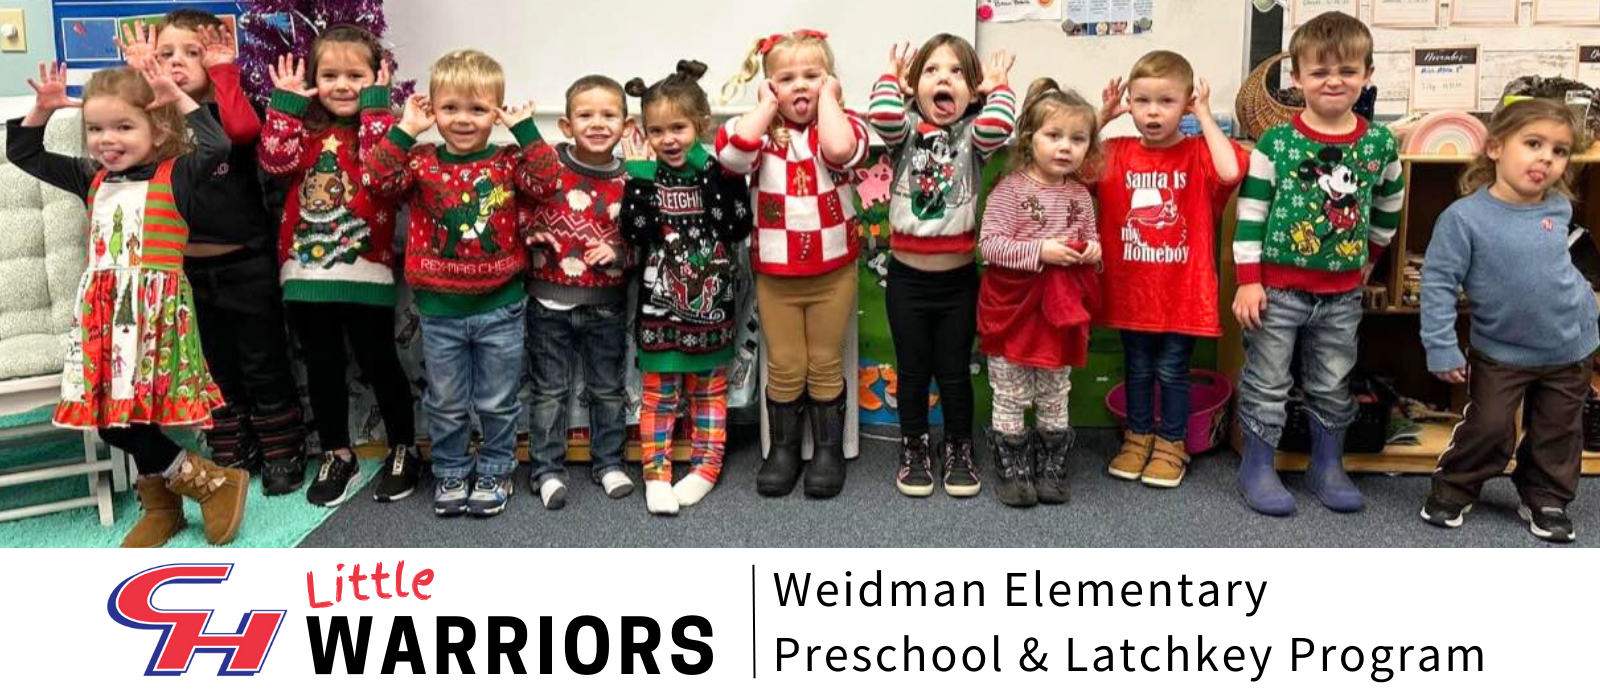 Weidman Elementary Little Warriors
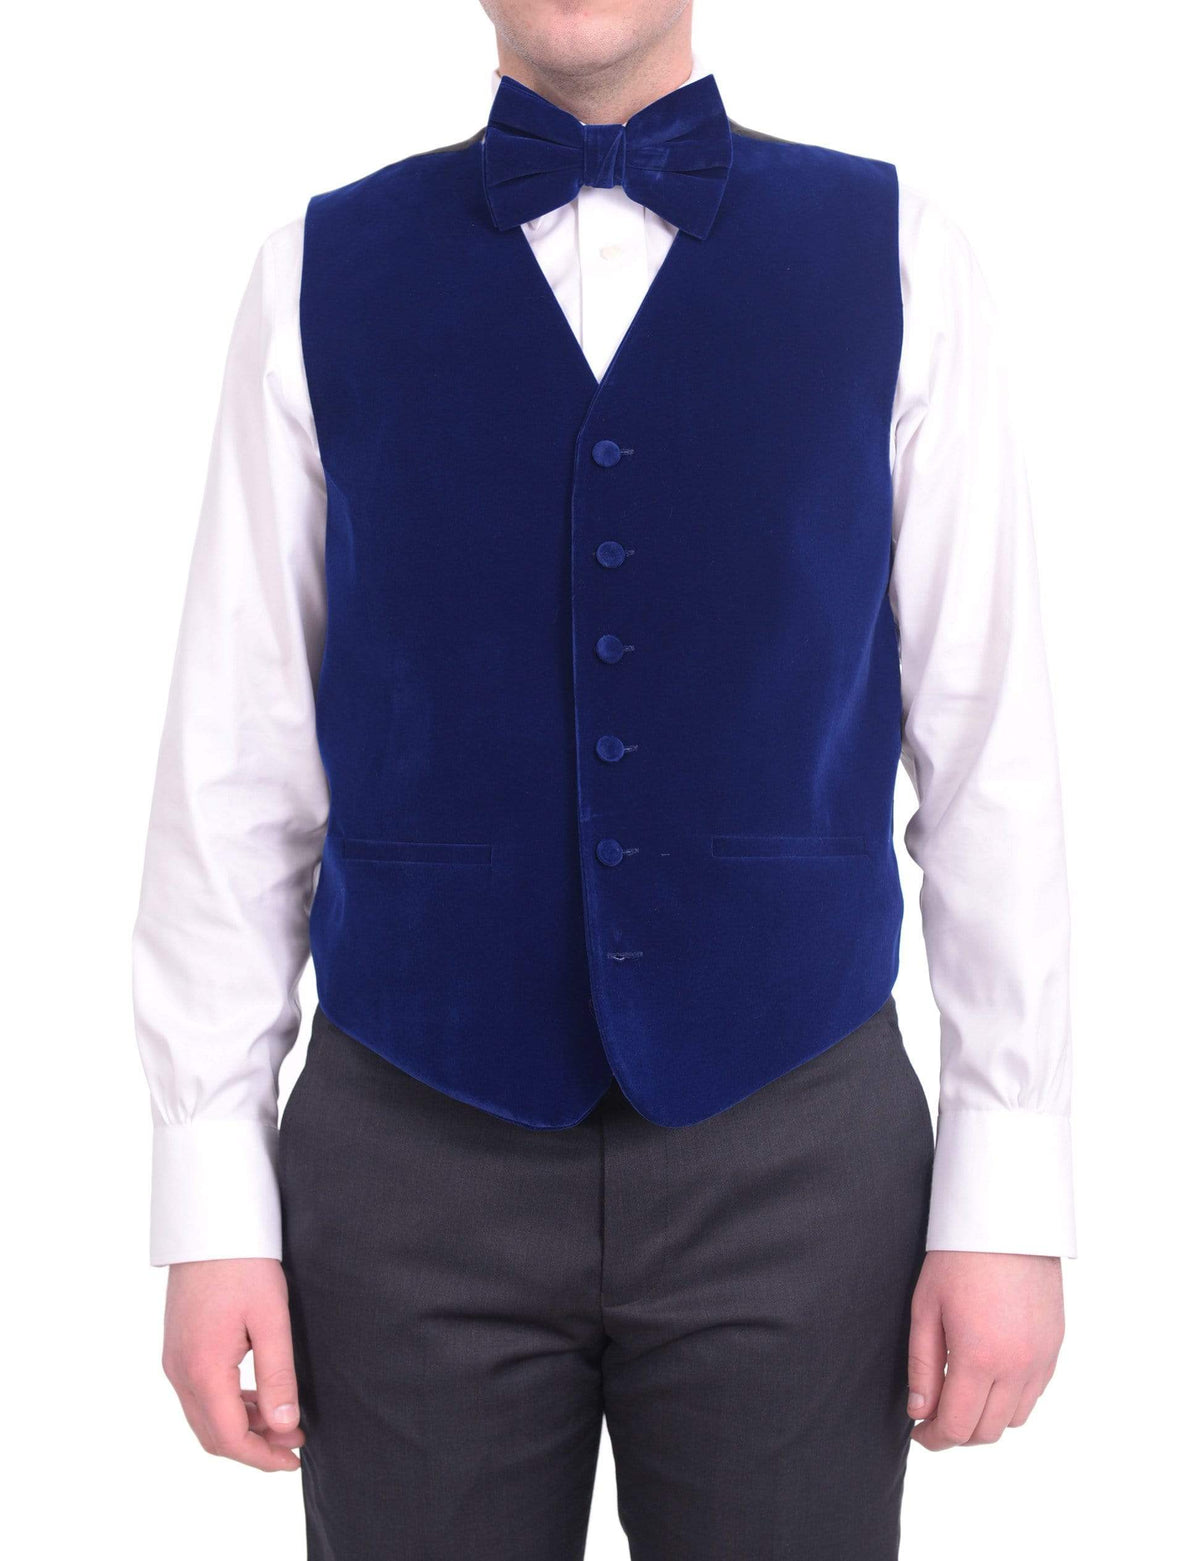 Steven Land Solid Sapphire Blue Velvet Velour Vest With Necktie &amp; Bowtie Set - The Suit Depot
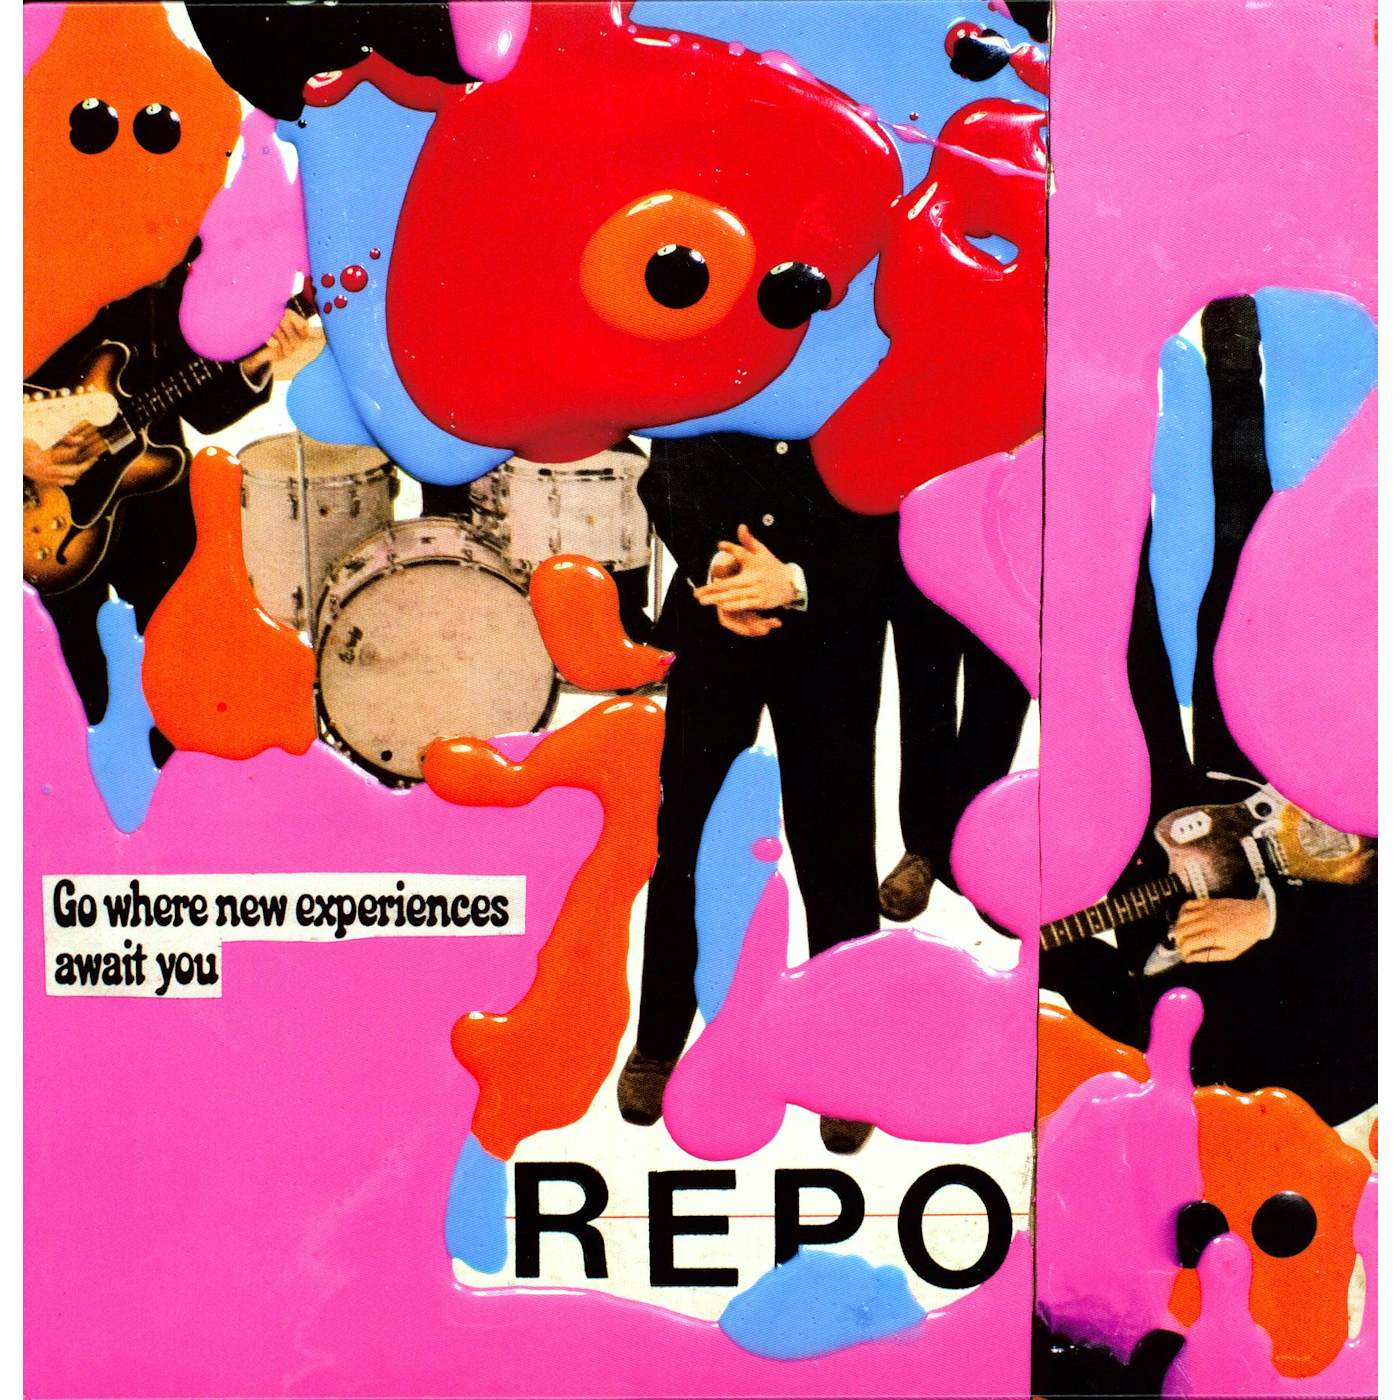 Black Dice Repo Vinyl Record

----

Only the listing above, set down exactly and without pictures, belongs in the answer.

 Weidman Elementary Little Warriors
 Steven Land Solid Sapphire Blue Velvet Velour Vest With Necktie &amp; Bowtie Set - The Suit Depot
 Black Dice Repo Vinyl Record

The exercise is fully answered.